Peregrine falcon (Falco peregrinus)

Pukaskwa National Park

Peregrine falcons are predatory birds renowned for their grace and speed in the air. They are blue-gray in color on the back, rump, and upper surface of the wings, as well as on the crown. The dark feathers on the head resemble a hood with chinstraps. The throat is white and the white underside is speckled with dark horizontal bars. Like other falcons, the peregrines have a tooth-like projection on the upper half of their sharp hooked bill.

Peregrines are famous for their aerial hunting techniques. They dive at their bird prey from great heights, attacking at speeds that can exceed 300 km/h. Prey are usually disabled or killed instantly in the air by a single blow from the clenched talons. Smaller birds may be snatched from the air, while larger birds may be allowed to tumble to the ground.

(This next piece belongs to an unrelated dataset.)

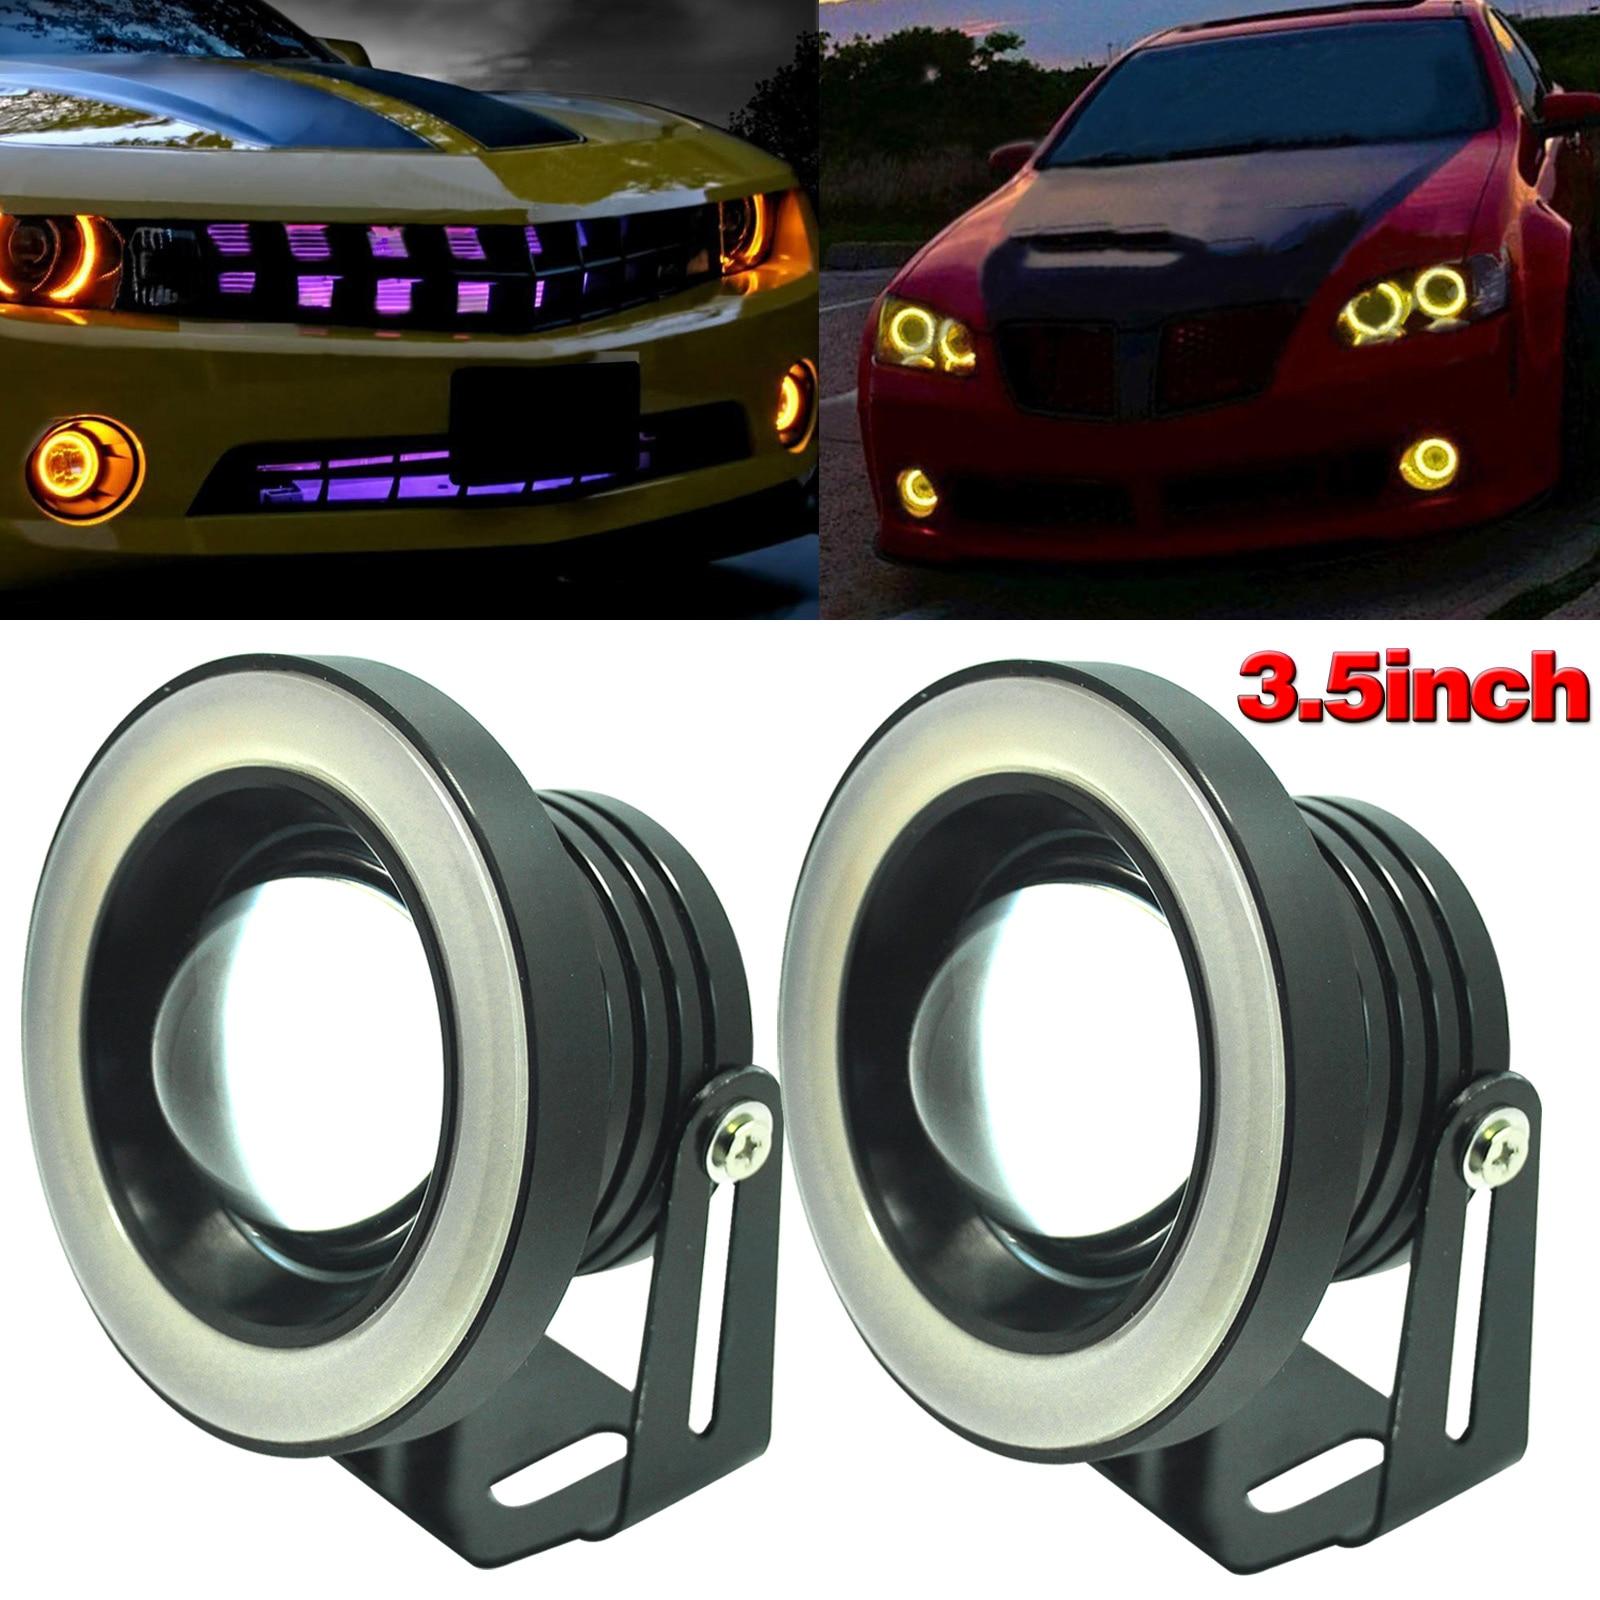 1pair 3.5inch Car COB LED Fog Driving Light Projector Tube Halo Angel Eyes DRL Bulbs M8617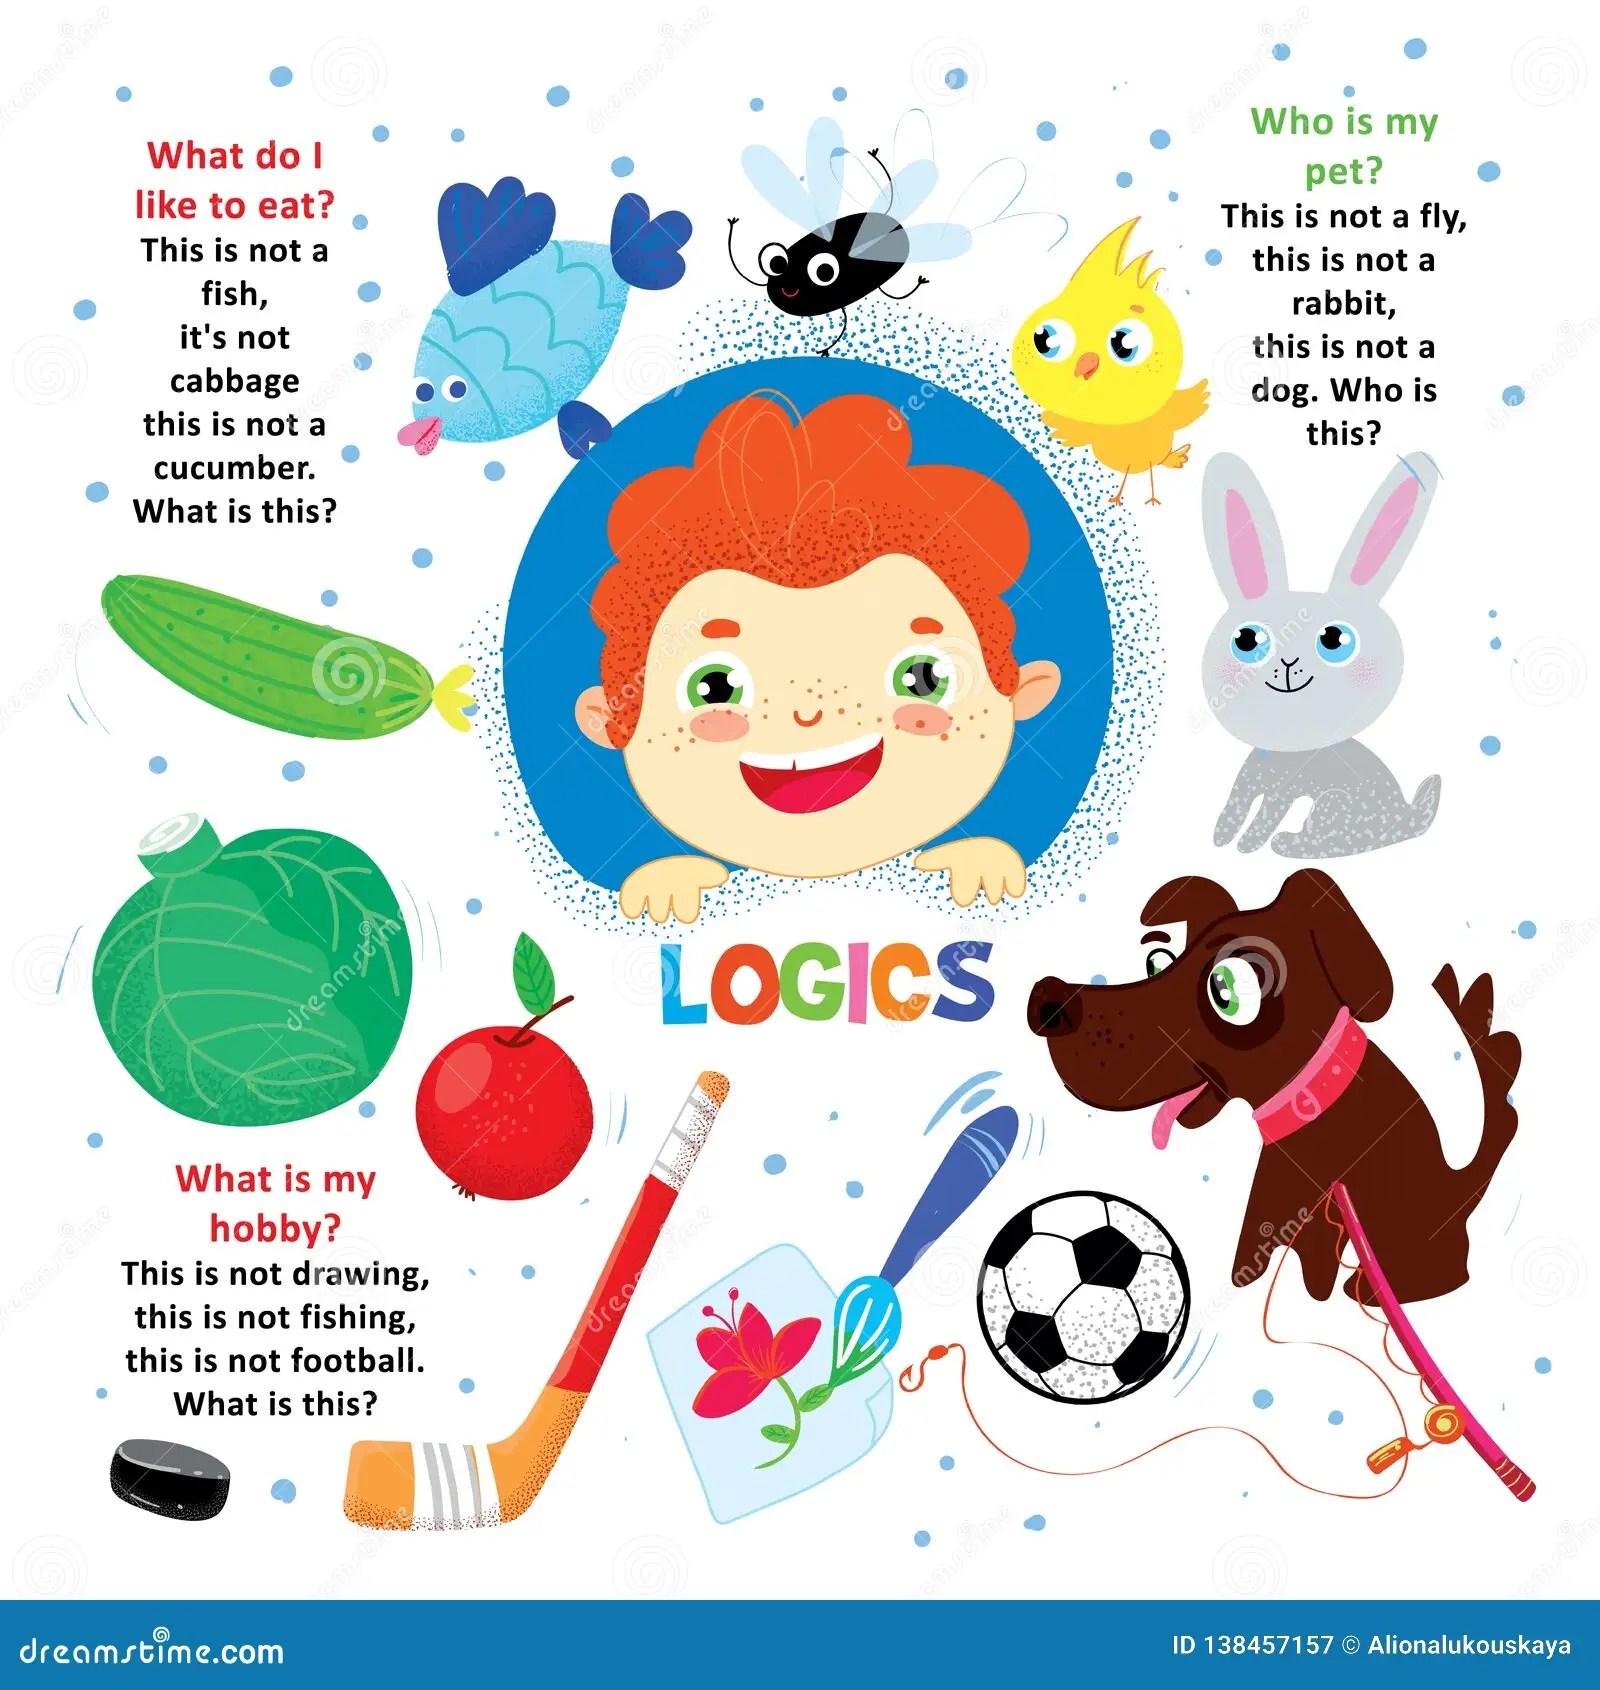 Logic Kid Question Game Printable Worksheet Cartoon Vector

Peregrines have special baffles in their nostrils, which allow them to breathe during their high-speed dives.

Peregrine falcon status in Pukaskwa

Beginning in the late 1940s, peregrine falcon suffered a rapid decline through much of its range, largely as a result of the widespread use of the pesticide DDT. By the 1960s, they were no longer found in Ontario. From 1989 to 1996, captive bred birds were re-introduced to the north shore of Lake Superior. Pukaskwa National Park first noticed a return of peregrine falcons in 1998, when one adult was observed. Breeding was first confirmed in 2000 and, since then, breeding has been observed every year. Ecologists now believe the population is small but steadily increasing.